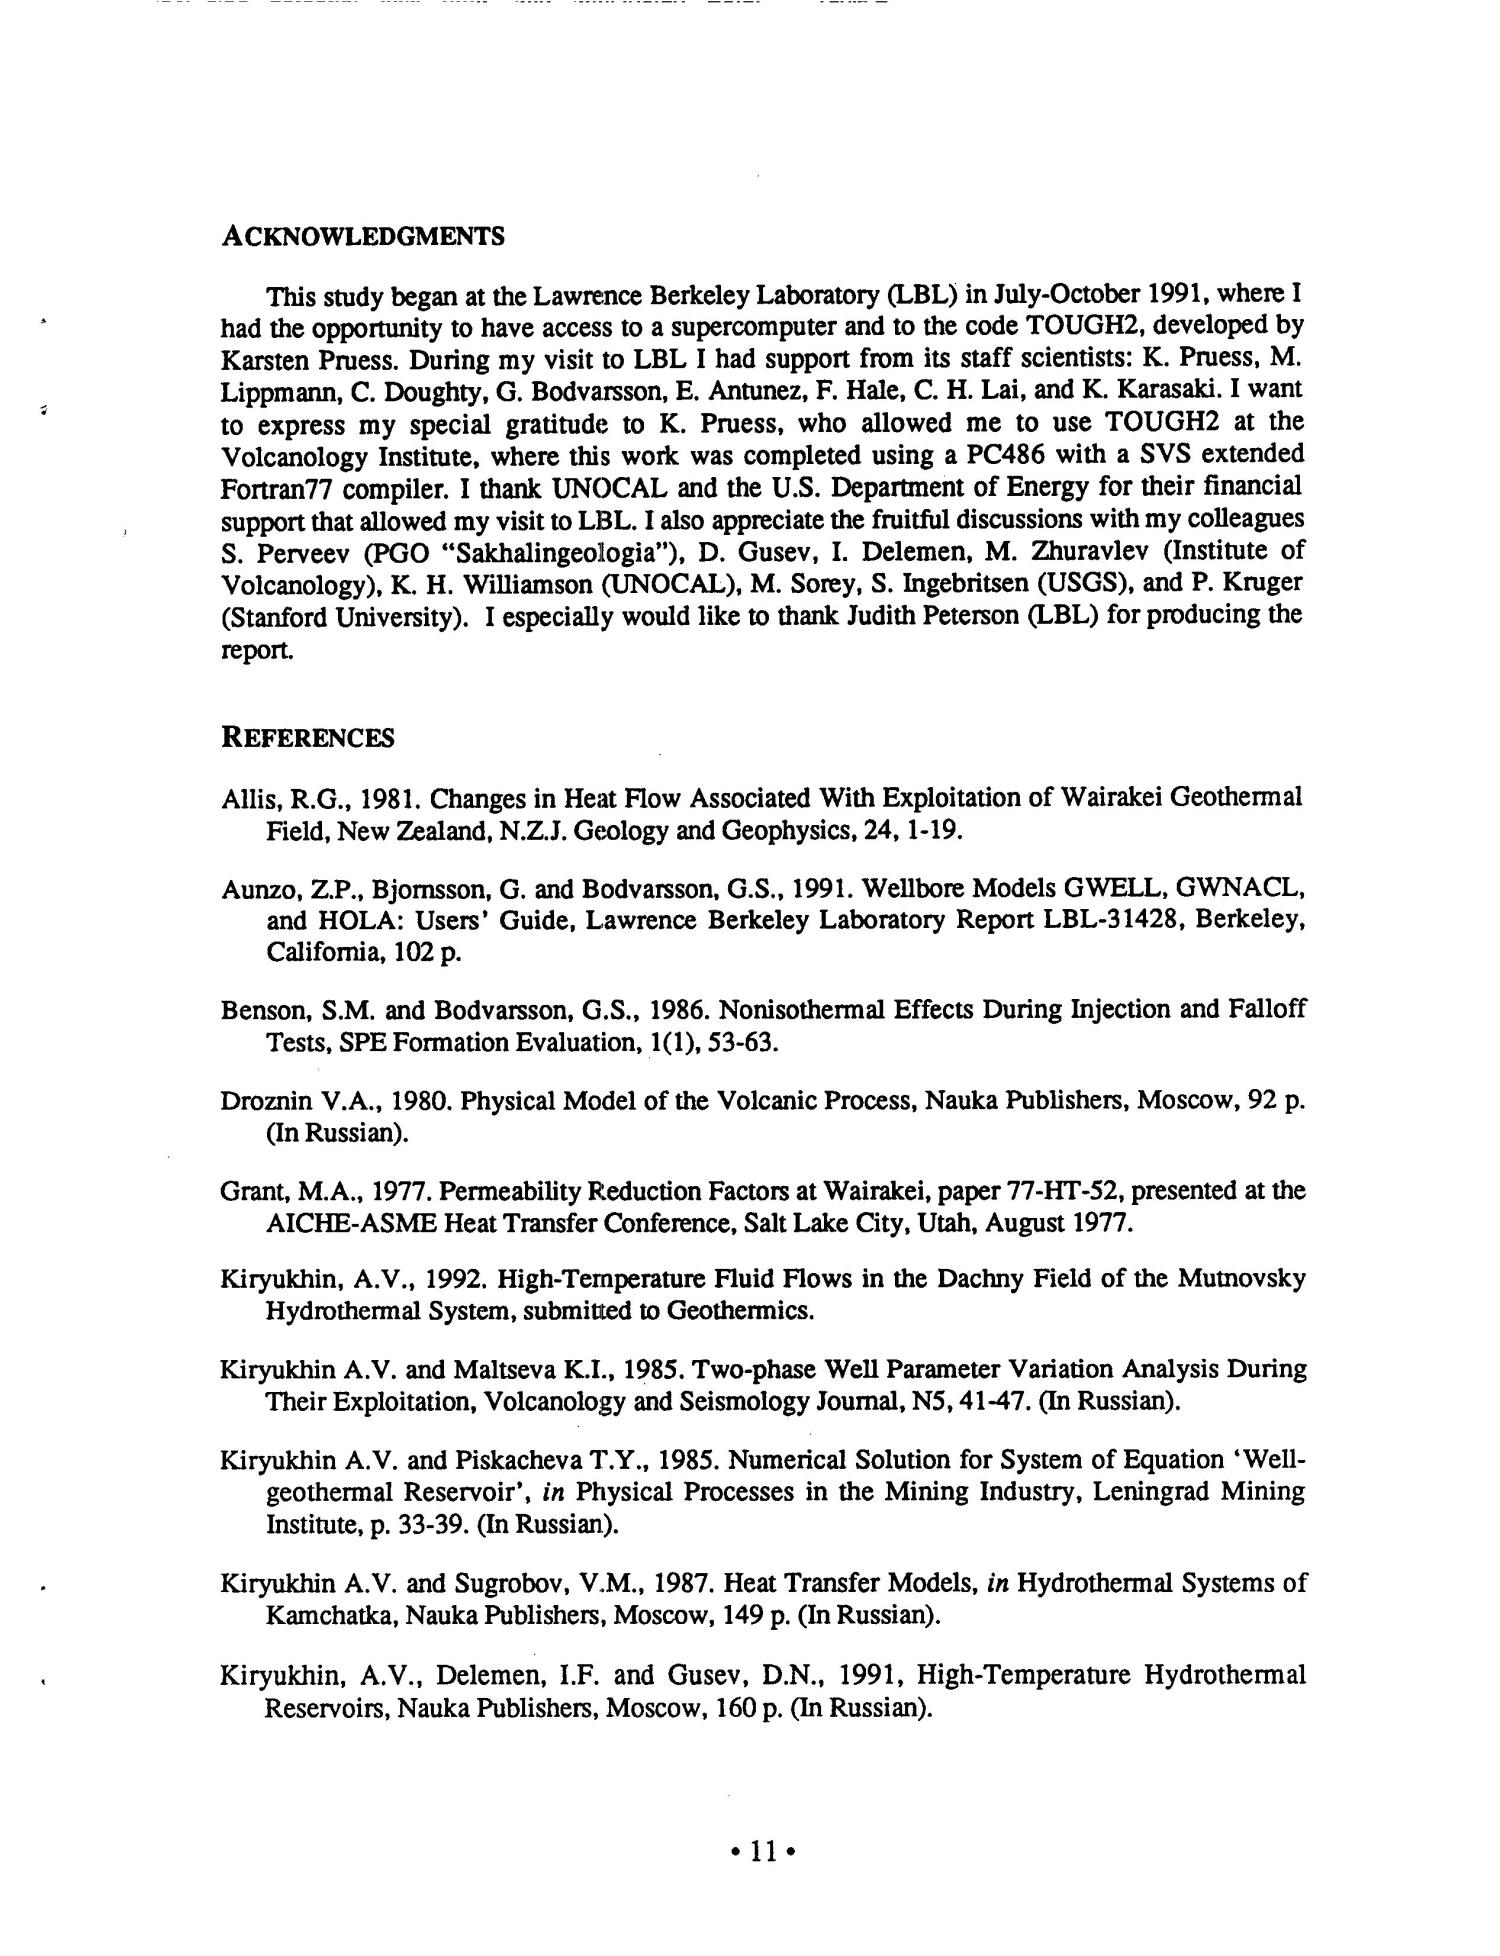 Progress report on modeling studies: Natural state conditions and exploitation of the Dachny geothermal reservoir, Mutnovsky hydrothermal system, Kamchatka, Russia
                                                
                                                    [Sequence #]: 14 of 24
                                                
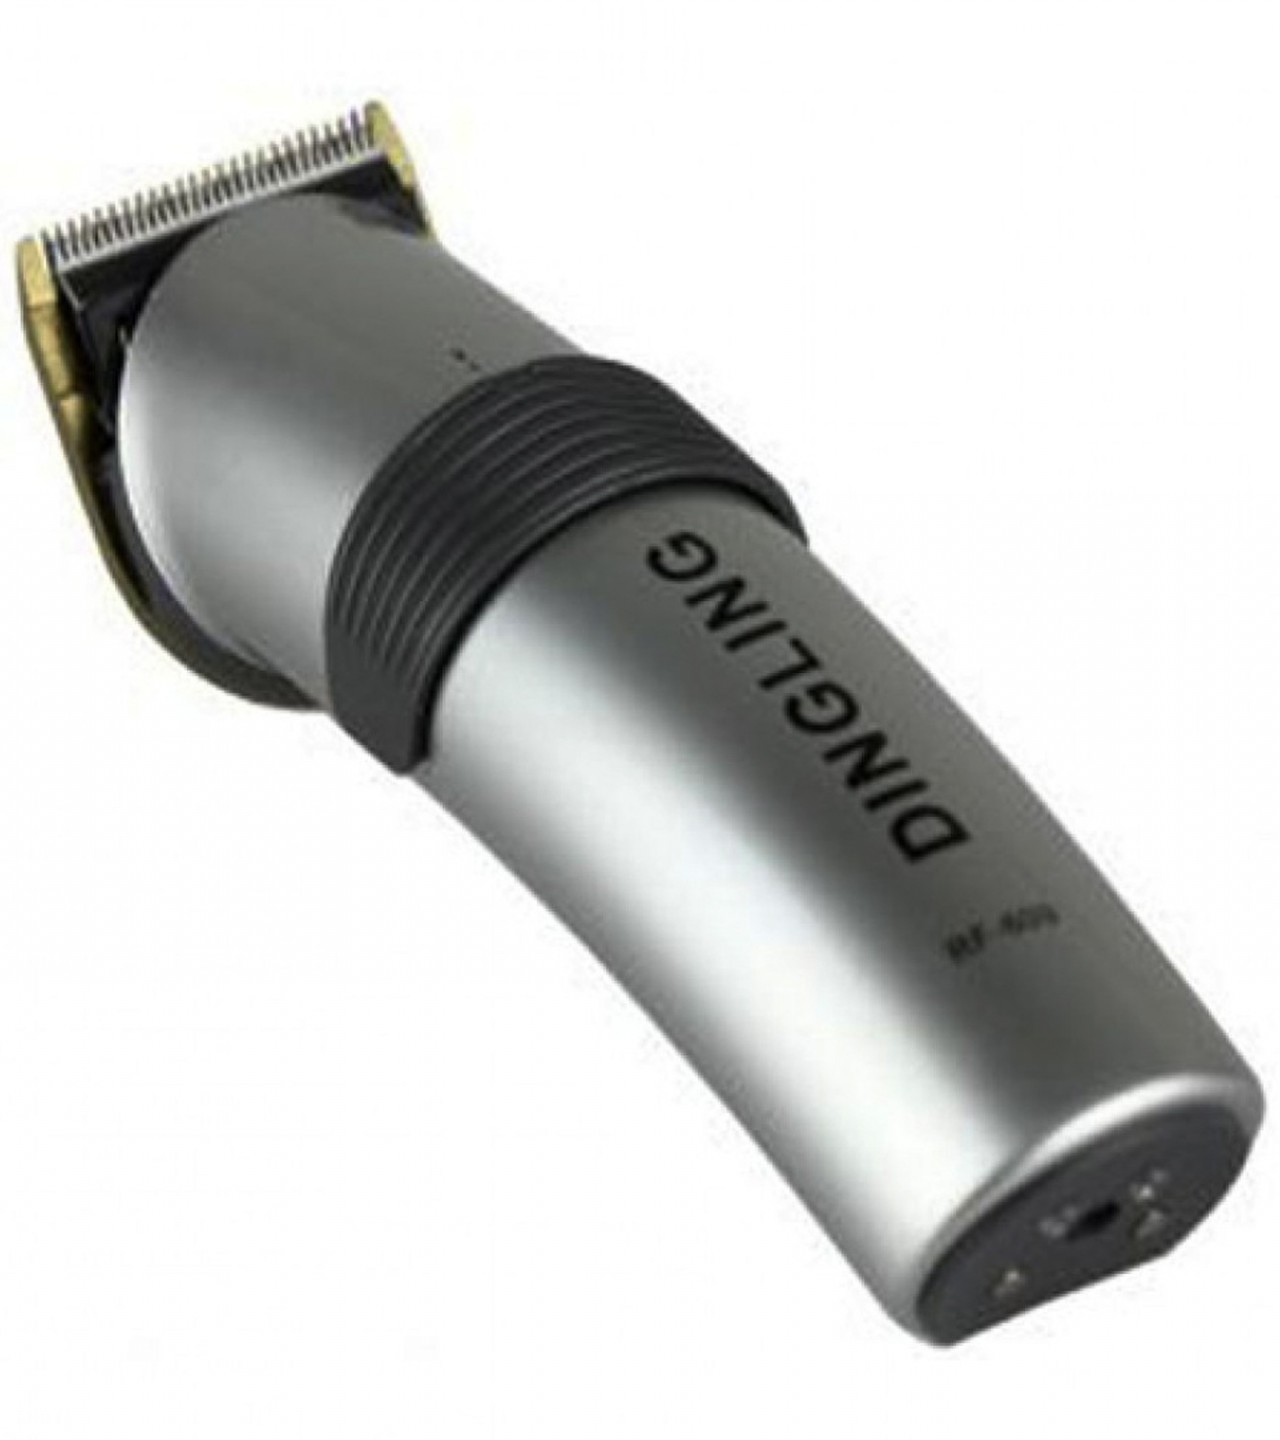 Dingling RF-699 Hair Trimmer And Shaver For Men - Silver
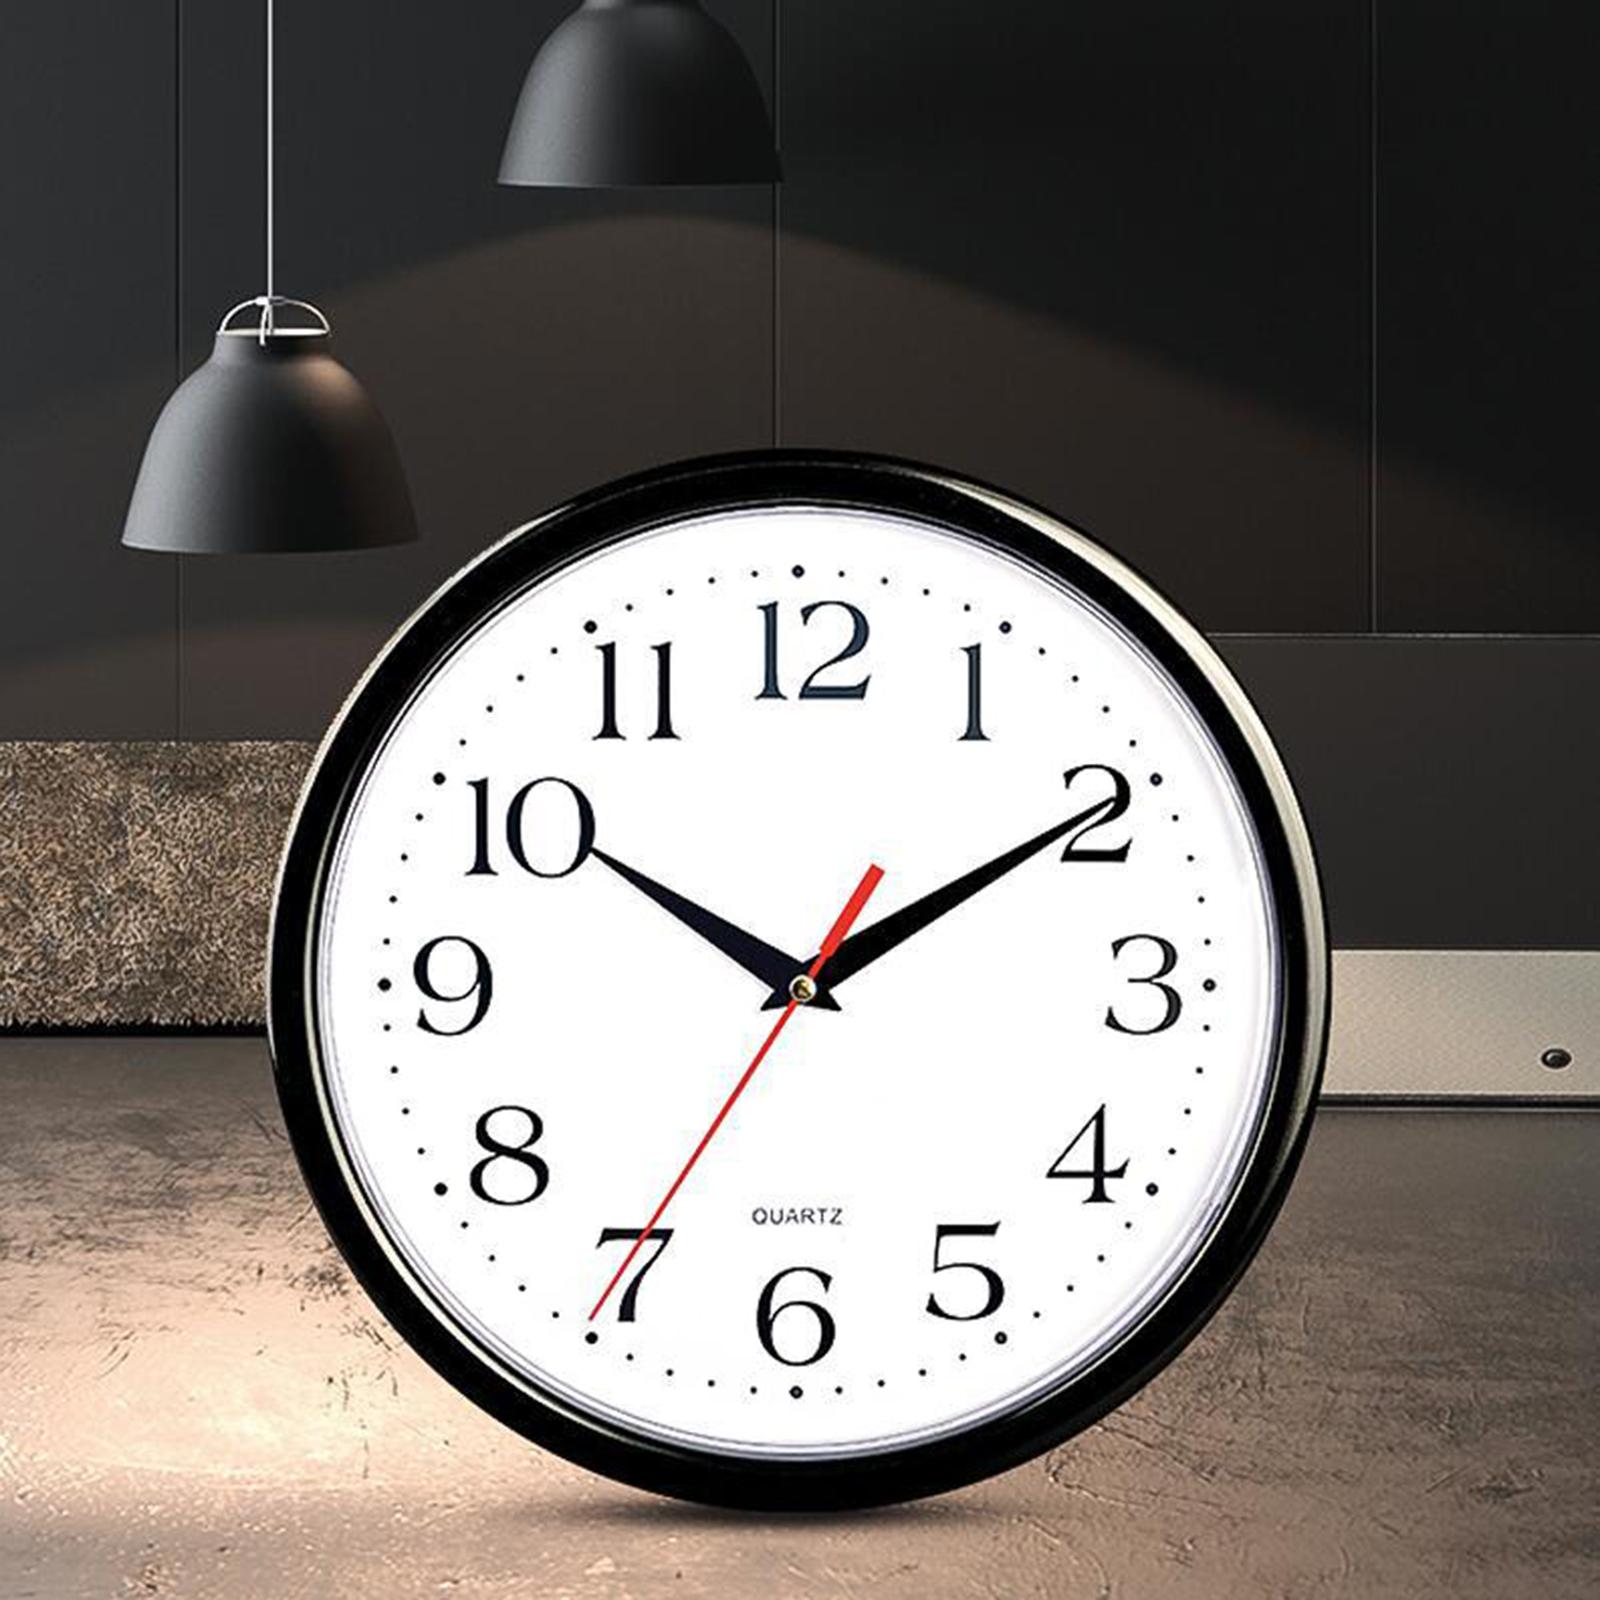 Wall Clock Decorative Digital Plastic Easy to Read for Bedroom Office Decor
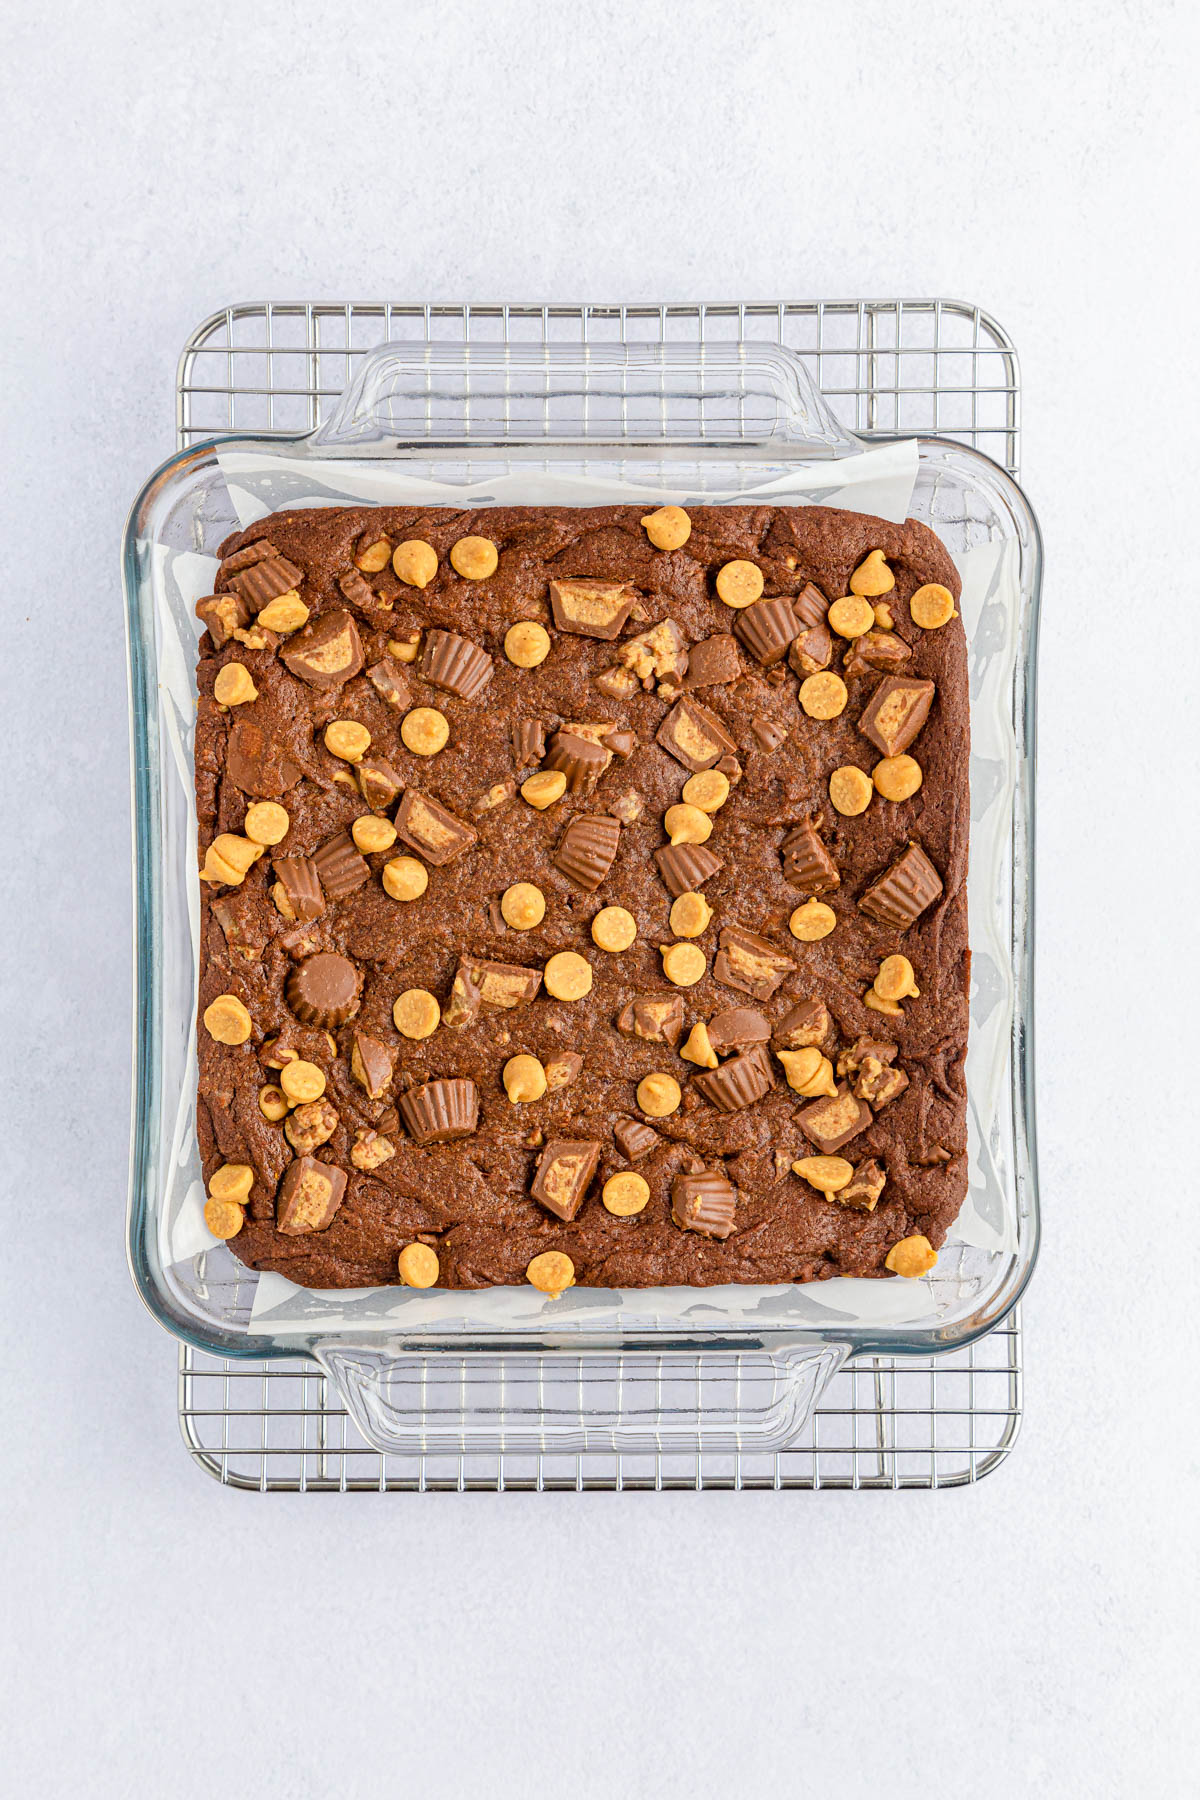 Baked Reese's brownies on cooling rack

**********

Because the copy must hold no pictures, return only the lines that run from the line containing "[Sequence #]: 14" to the end of the data above, each exactly as it stands.

                                                    [Sequence #]: 14 of 24
                                                
 Dingling RF-699 Hair Trimmer And Shaver For Men - Silver
 Wall Clock Decorative Digital Plastic Easy to Read for Bedroom Office Decor
 Baked Reese's brownies on cooling rack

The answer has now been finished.